PROVIDED DATA START

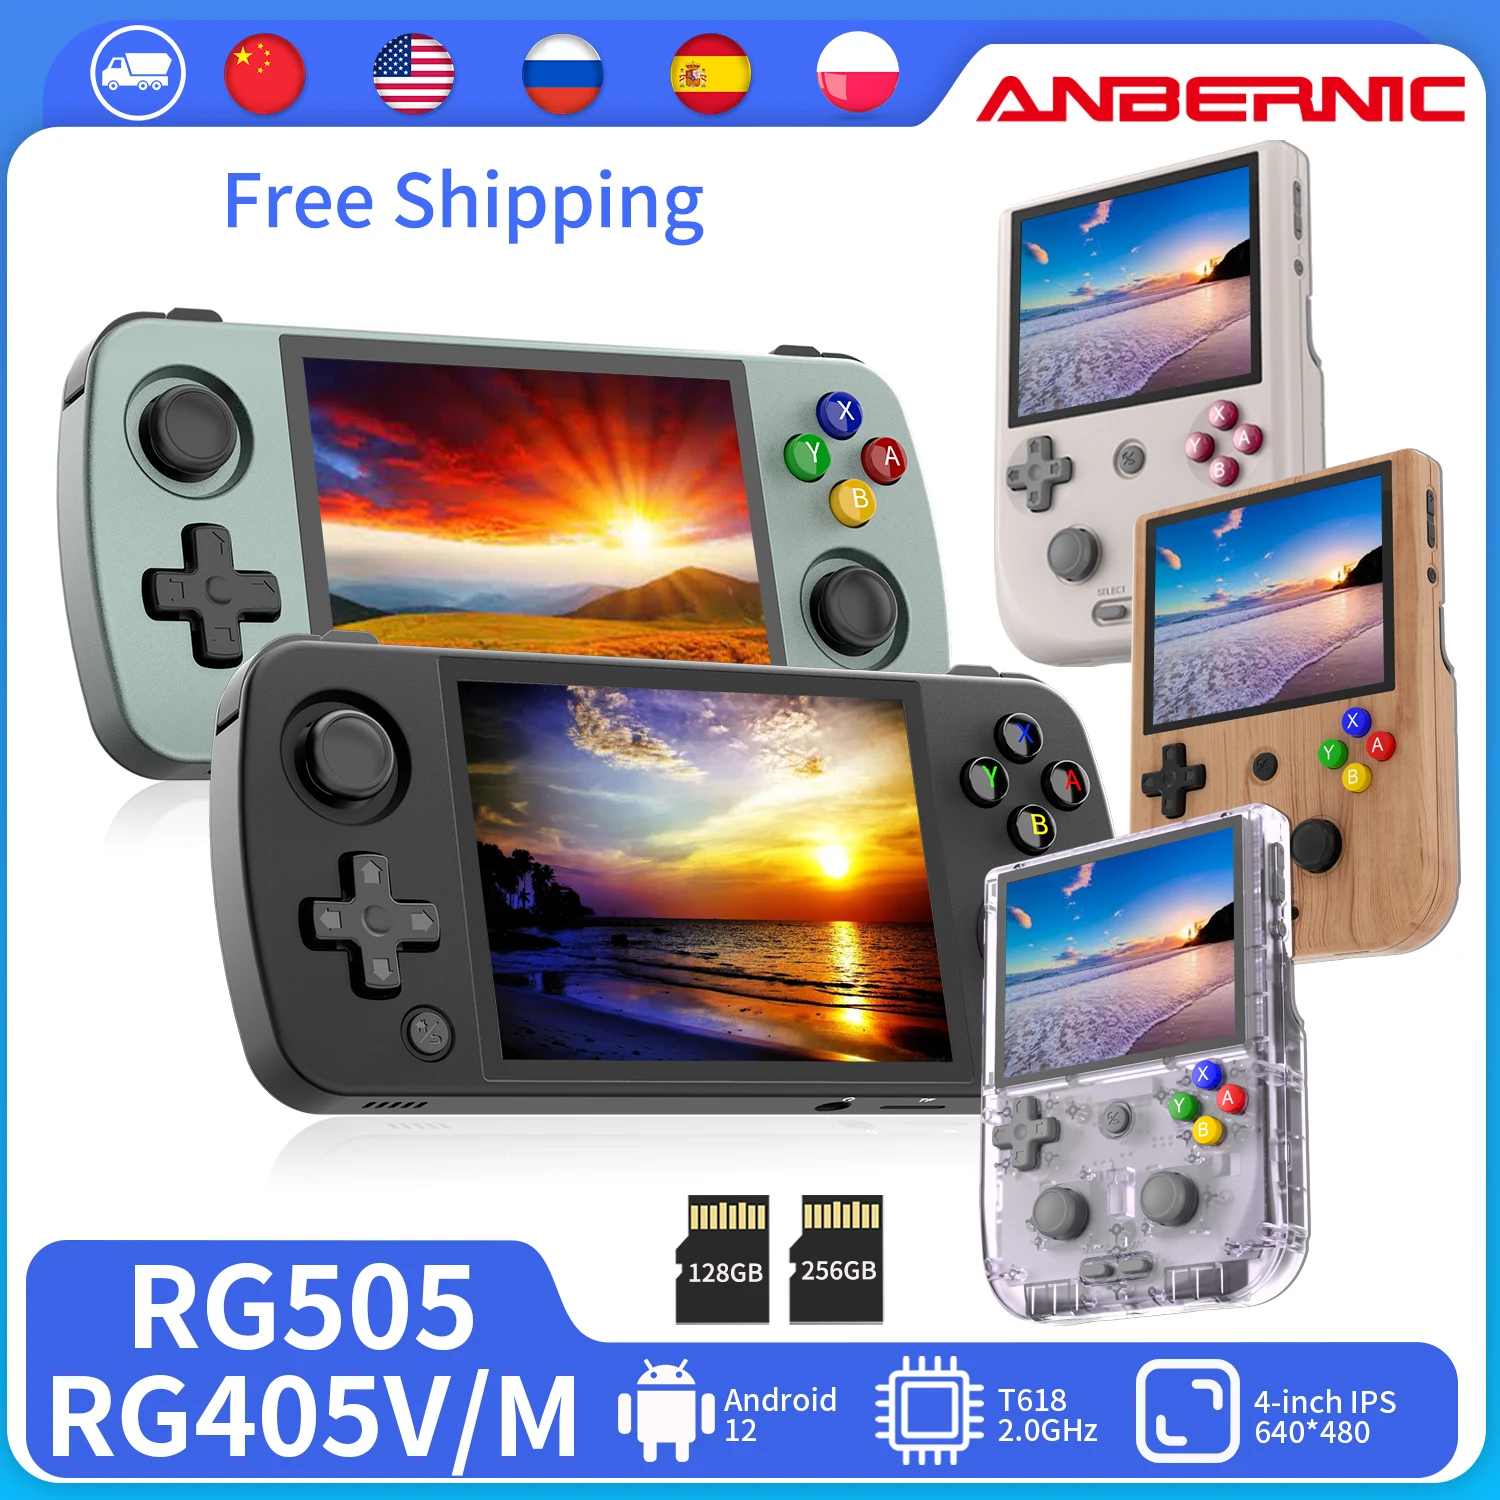 ANBERNIC RG405M Handheld Game Console Metal Case Android 12 5G WiFi 128G  eMMC
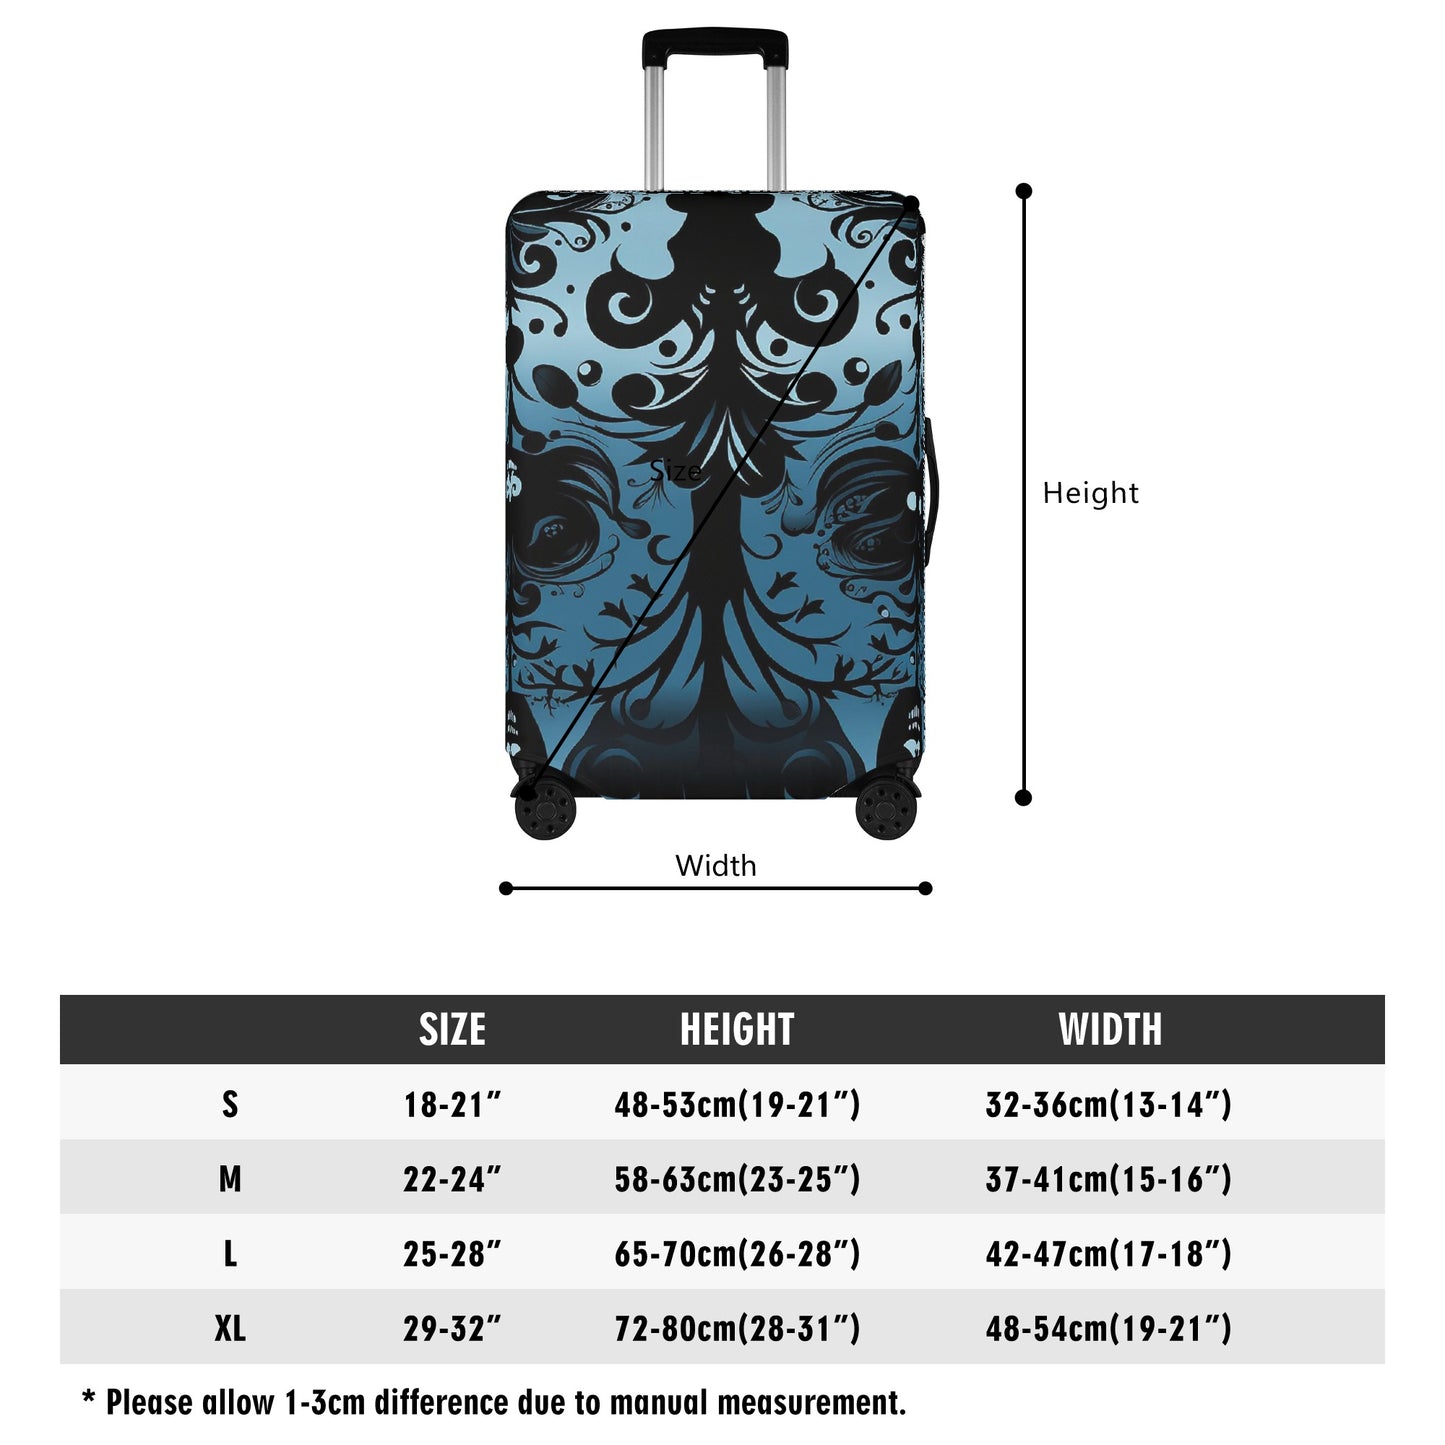 Gothic Blue Design Polyester Luggage Cover
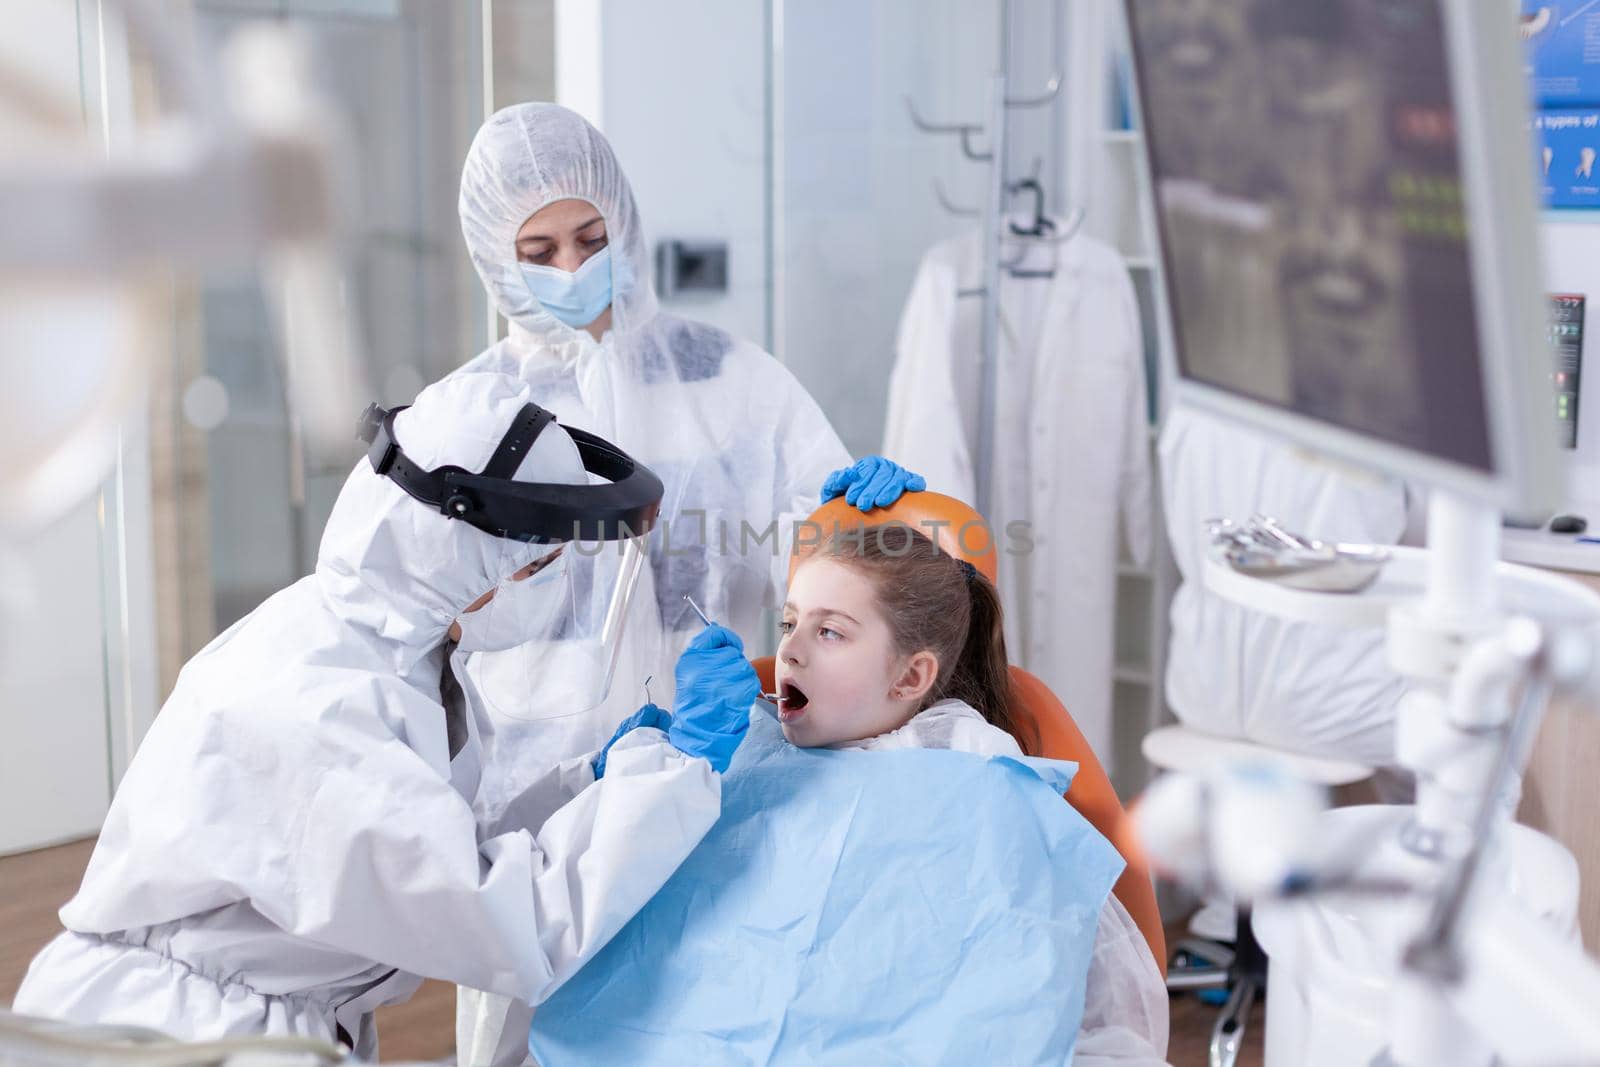 Stomatolog in the course of caries treatment for kid dressed in ppe suit as safety precaution Dentist in coronavirus suit using curved mirror during teeth examination of child.

PROVIDED DATA END

ASSIGNMENT:
Reproduce the whole listing above word for word, dropping each image.

EXERCISE OUTPUT:
 ANBERNIC RG405M Handheld Game Console Metal Case Android 12 5G WiFi 128G  eMMC
 Gothic Blue Design Polyester Luggage Cover
 Stomatolog in the course of caries treatment for kid dressed in ppe suit as safety precaution Dentist in coronavirus suit using curved mirror during teeth examination of child.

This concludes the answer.